Многие старинные китайские сказки упоминают эту трещину в стене, через которую мужчина и женщина находят друг друга в полной темноте. Они сами соотносят ее с щелью в теле женщины, через которую соединяются их тела.
Животные обращены к недрам земли, которая впитывает их, втягивая в расселины пещер, — глубина засасывает их.
Аргумент. Человек без лица, человек Мазаччо не двигается вперед. Его засасывает назад.
Адам — это, возможно, Нукар.
Иногда обнаженным животным доступно нечто более ценное, чем речь, и более глубокое, чем мир.
Истина проста и нисколько не непристойна. Все наши чувства — это наши удовольствия. Все наши нужды — это наши обряды. Все наши действия — это наши радости.
Эта фреска на левой стене маленькой капеллы Бранкаччи представляла для меня косвенное доказательство.
Возможно, мы обретаем другой мир, настоящий другой мир, вопреки здравому смыслу, возвращаемся вспять, покидая то, что нас одевает, избегая того, что сковывает нас не в наготе, но в обнажении наготы.

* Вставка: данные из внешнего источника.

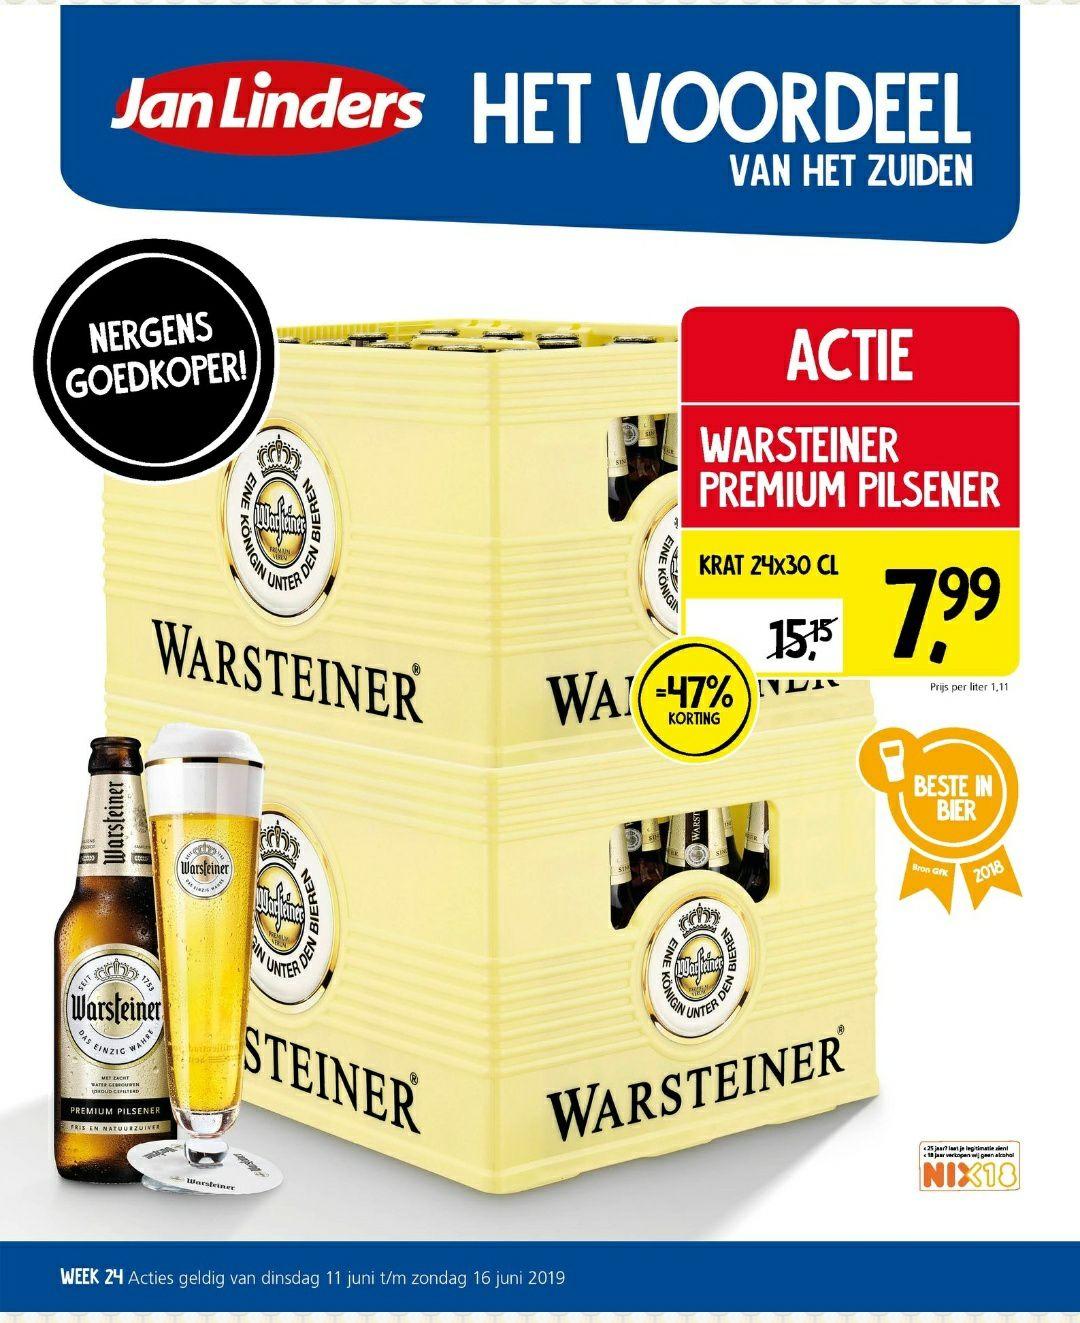 Warsteiner Premium pilsener 24 x 30cl @Jan Linders

Не в завороженности, а в вожделении.
Мазаччо об этом свидетельствует. Господь это подтвердил.
Ведь смысл сцены из часовни Бранкаччи в церкви Кармине во Флоренции не только в том, что на ней изображено. Фреска иллюстрирует текст Книги Бытия. И соответствующие изображению стихи считаются наиболее странными среди древних текстов. Тора полагает, что это мгновение обретения человеческой наготы. Стих 7 гласит: «И открылись глаза у них обоих, и узнали они, что наги…» Текст делится на три такта:
«…открылись глаза» — это завороженность.
«…они наги», они сбросили с себя чары — это второй такт.

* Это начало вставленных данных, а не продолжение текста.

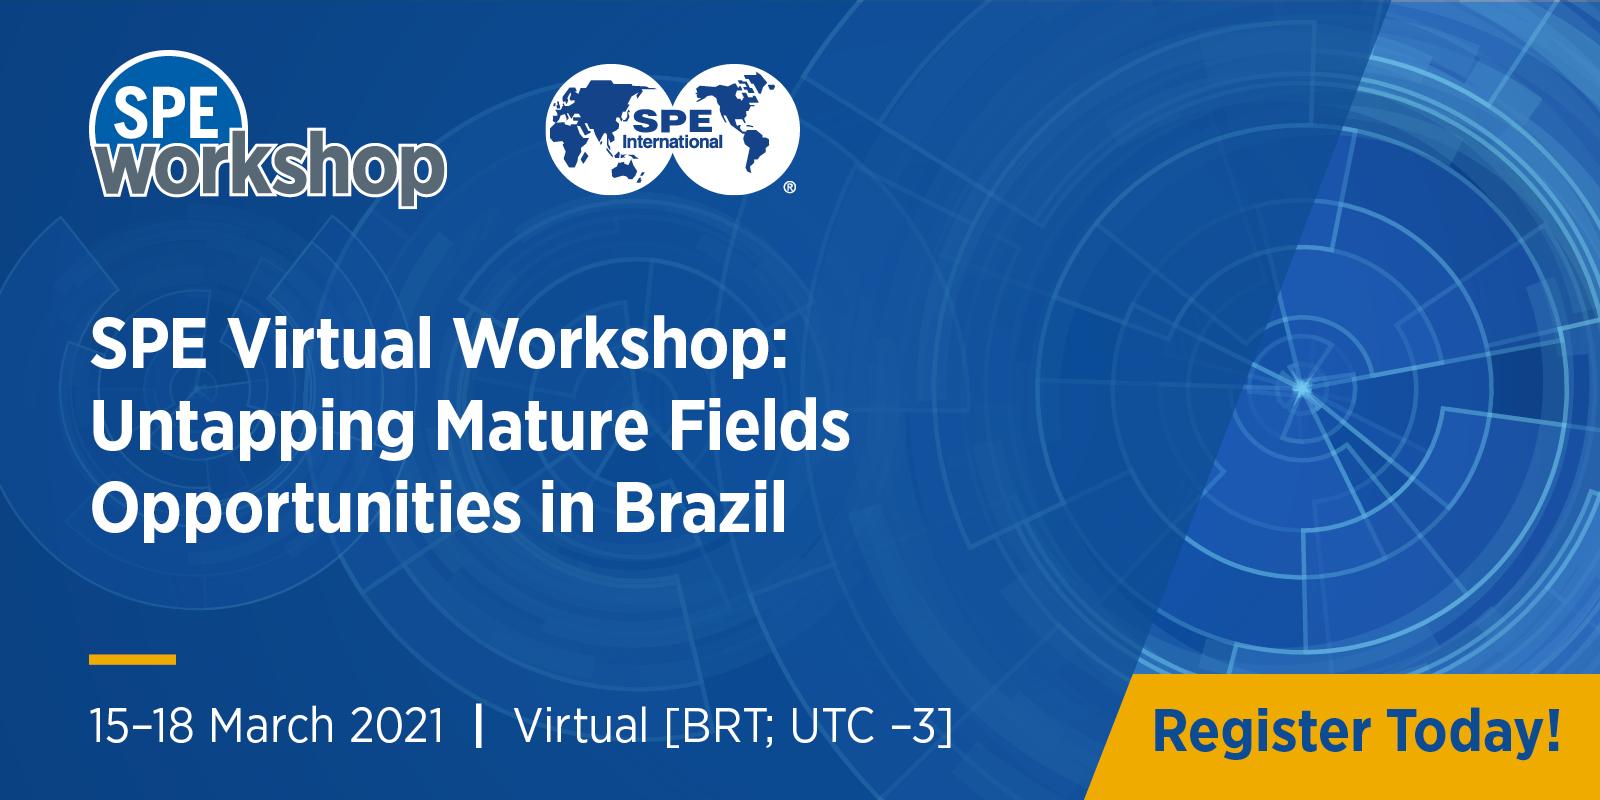 SPE Virtual Workshop: Untapping Mature Fields Opportunities in Brazil

И сразу они скрываются: третий такт. Они скрываются: 1) в одежды: «…и сшили смоковные листья, и сделали себе опоясания» (Быт. 3, 7); 2) за деревьями леса. Трактовка святого Иеронима говорит: «Et aperti sunt oculi amborum: cumque cognovissent se esse nudos» (И открылись глаза у них обоих, и узнали они, что наги). Сразу после случившегося Адам объясняет Предвечному, что с обнаружением наготы к нему пришел страх и необходимость спрятаться, «настолько он казался себе нагим». Тогда Господь спрашивает у него: «Кто сказал тебе, что ты наг?» («Quis enim indicativit tibi quod nudus esses?») Именно это мгновение предшествует первородному греху. А первородный грех заключается именно в мгновении, предшествующем этой сцене: когда, изгнанные из рая земного, первый мужчина и первая женщина впервые внезапно увидели свои половые различия там, где они всегда были, но прежде еще не разделяли их. И это открытие принесло с собой стыд, тревогу, чувство лишения, желание, страх перед голосом Господа.
Что такое голос Предвечного?
Это речь.
Это речь изгоняет их в форме голоса, который они услышали в тревоге, и стыд, предшествующий падению, оказывается и его причиной: человеческая нагота — это падение в человеческие времена. Открытые глаза — это глаза обнажения и сокрытия под фиговыми листьями и в лесной чаще, когда начинает звучать голос вечного Языка.
Cognovissent se esse nudos. «И узнали они, что наги…» Если только слова имеют смысл, что это означает? Это означает, что они впервые узнали друг друга без образа. Пятка еще не оторвалась от божественной двери, и Адам впервые вот-вот предстанет без образа. Это мгновение человеческой живописи. Первый человек вот-вот воспримет наготу как недостаток, и он прижимает ладони к глазам. Выход за пределы мира — это обнажение тела, до сих пор бывшее всего лишь наготой.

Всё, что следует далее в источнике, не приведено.